# Trovoada a ENE de Messines 29-09-2015



## ecobcg (30 Set 2015 às 11:28)

Boas.

Ficam aqui umas fotos da trovoada de ontem á tarde na zona a ENE de Messines (a célula de Almodovar).

Ao final da tarde as torres eram bem visíveis daqui de Lagoa e depois, já ao inicio da noite, ainda consegui observar alguns relâmpagos a partir de Silves. Não deu para me deslocar para mais perto, mas foi o que se arranjou.

Podem ver todas as fotos na página da ExtremAtmosfera ou aqui
Ficam aqui algumas das captadas:


----------



## Duarte Sousa (30 Set 2015 às 12:27)

Há gajos com sorte pah! 

Bons raios e belas torres!


----------



## ecobcg (30 Set 2015 às 19:32)

Duarte Sousa disse:


> Há gajos com sorte pah!
> 
> Bons raios e belas torres!



Eheh. obrigado!


----------



## Teles (30 Set 2015 às 21:59)

Excelente!


----------



## actioman (30 Set 2015 às 22:20)

Belissimo trabalho ecobcg! 

Obrigado pela partilha!


----------



## ecobcg (30 Set 2015 às 23:05)

Obrigado pessoal!


----------



## StormRic (1 Out 2015 às 07:05)

Fotos sumptuosas! Os panoramas estão magníficos!
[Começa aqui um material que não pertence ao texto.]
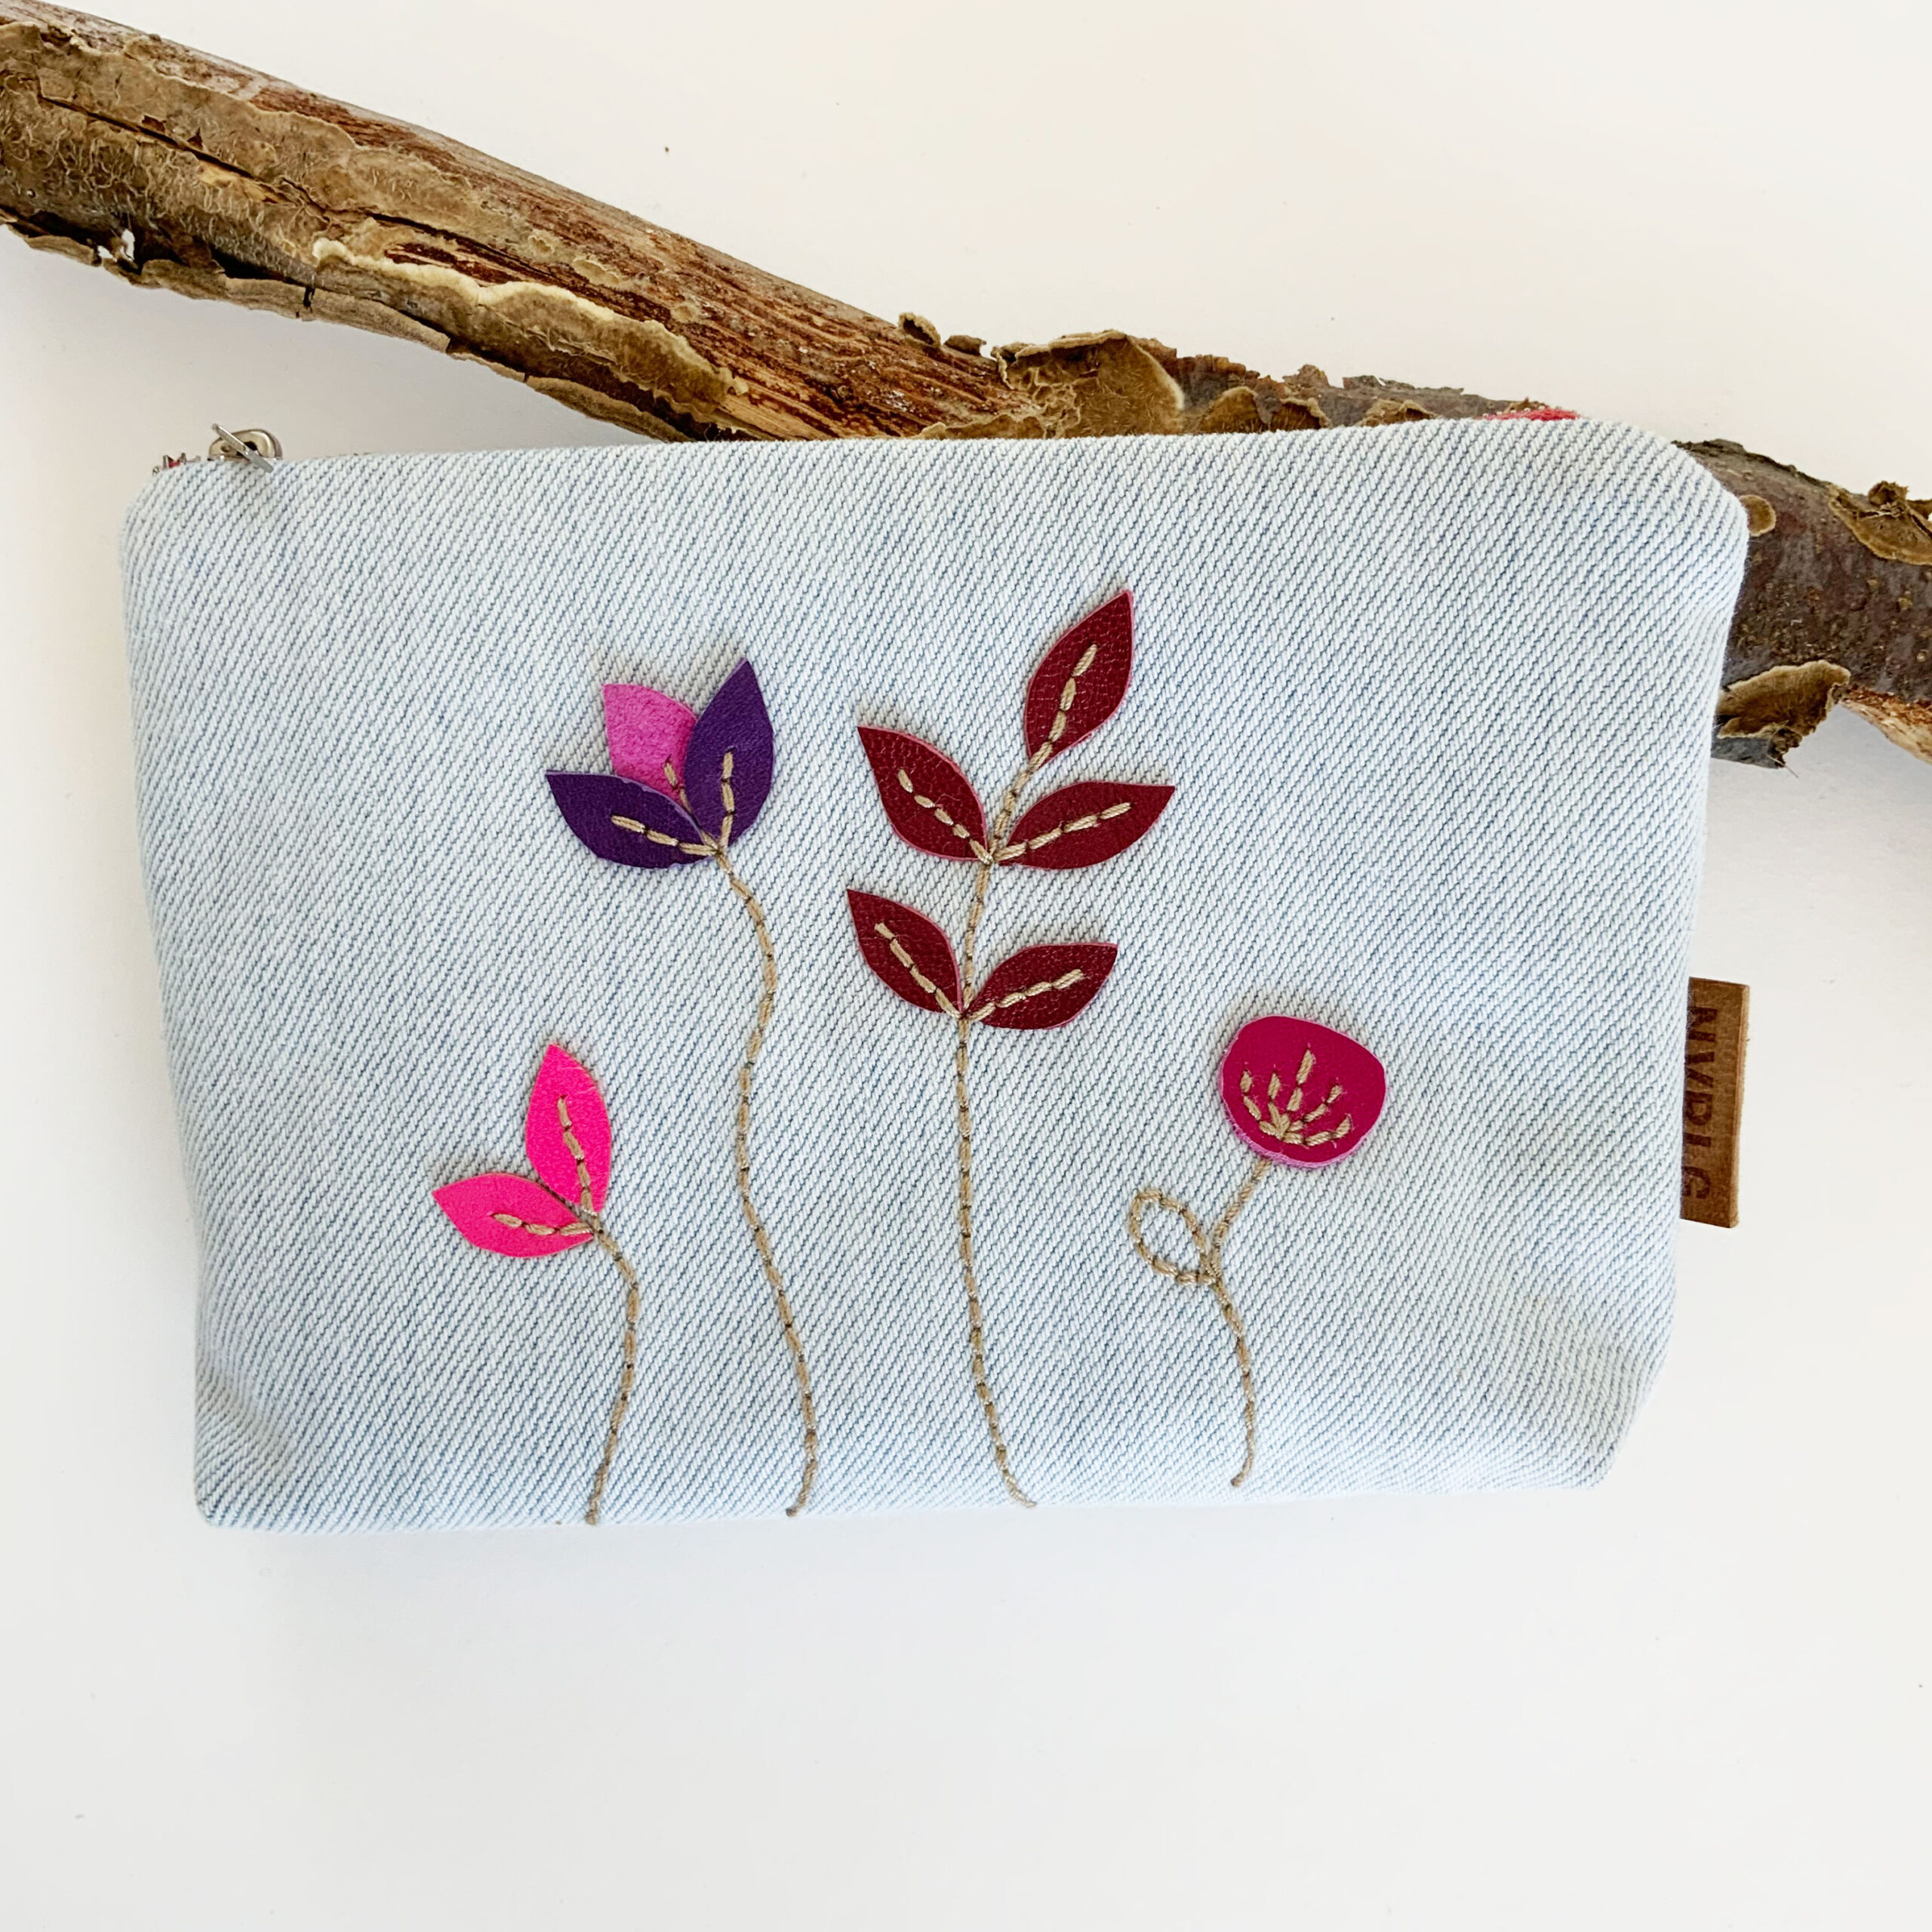 NVRLG-handmade-light-blue-upcycled-denim-small-pouch-pink-magenta-purple-flower-hand-embroidery-floral-leather-applique
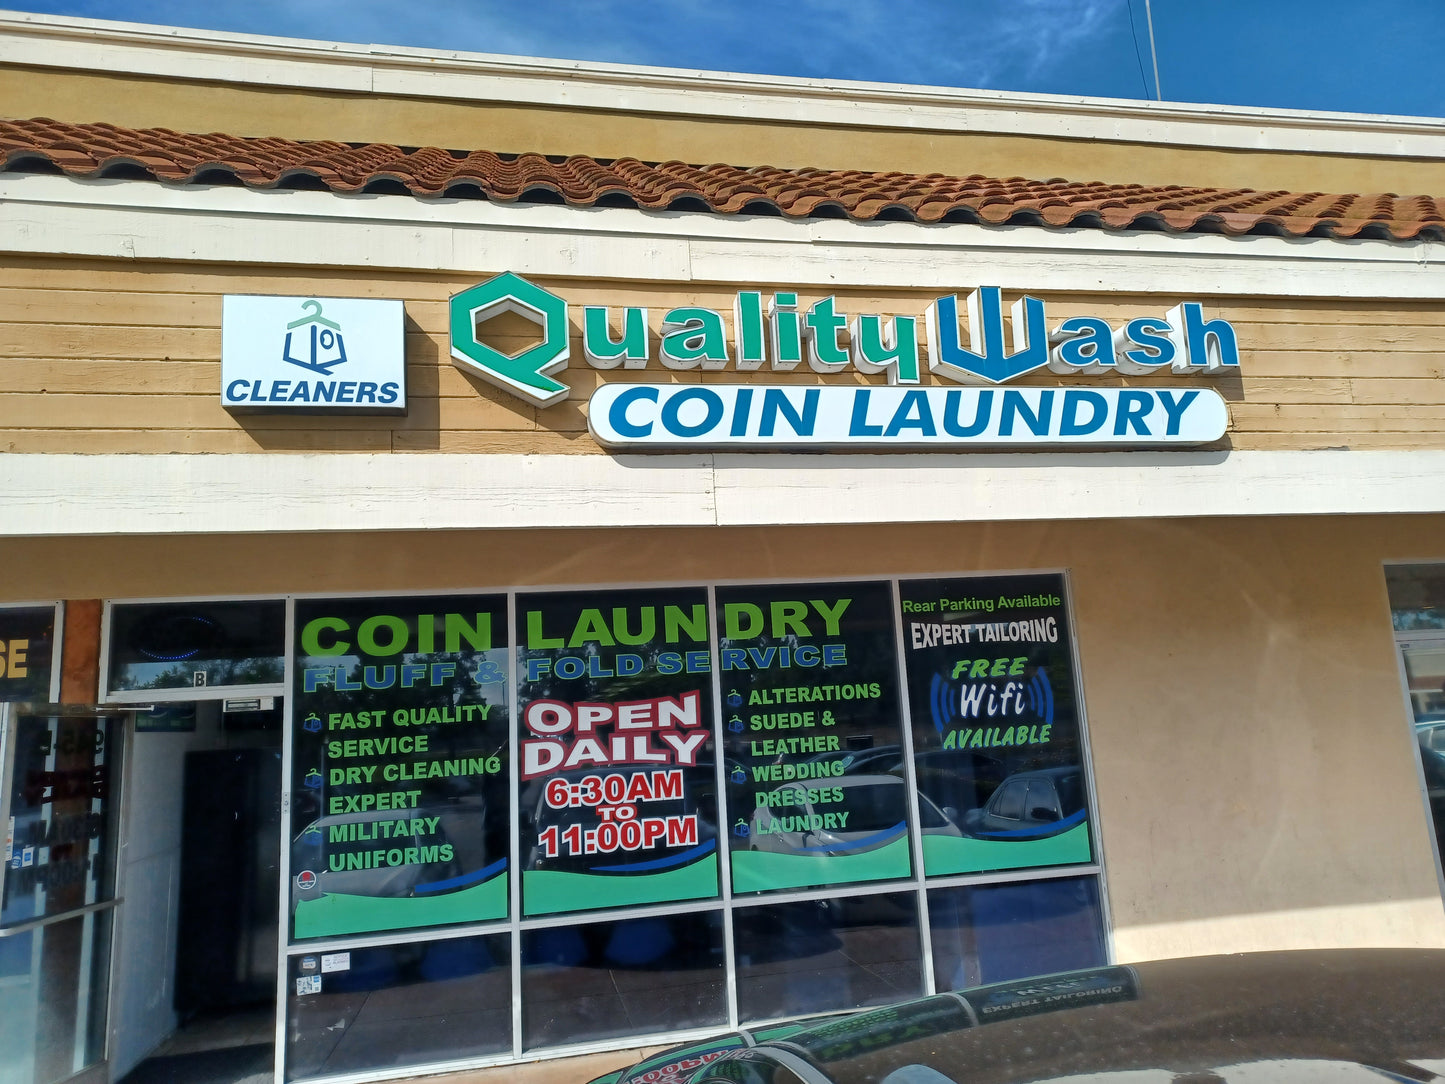 Fluff and Fold Services at Otay Lakes Road

A grande célula de Almodôvar, realmente um espanto estes registos!


----------



## ecobcg (3 Out 2015 às 00:21)

StormRic disse:


> Fotos sumptuosas! Os panoramas estão magníficos!
> 
> A grande célula de Almodôvar, realmente um espanto estes registos!


Obrigado StormRic !


----------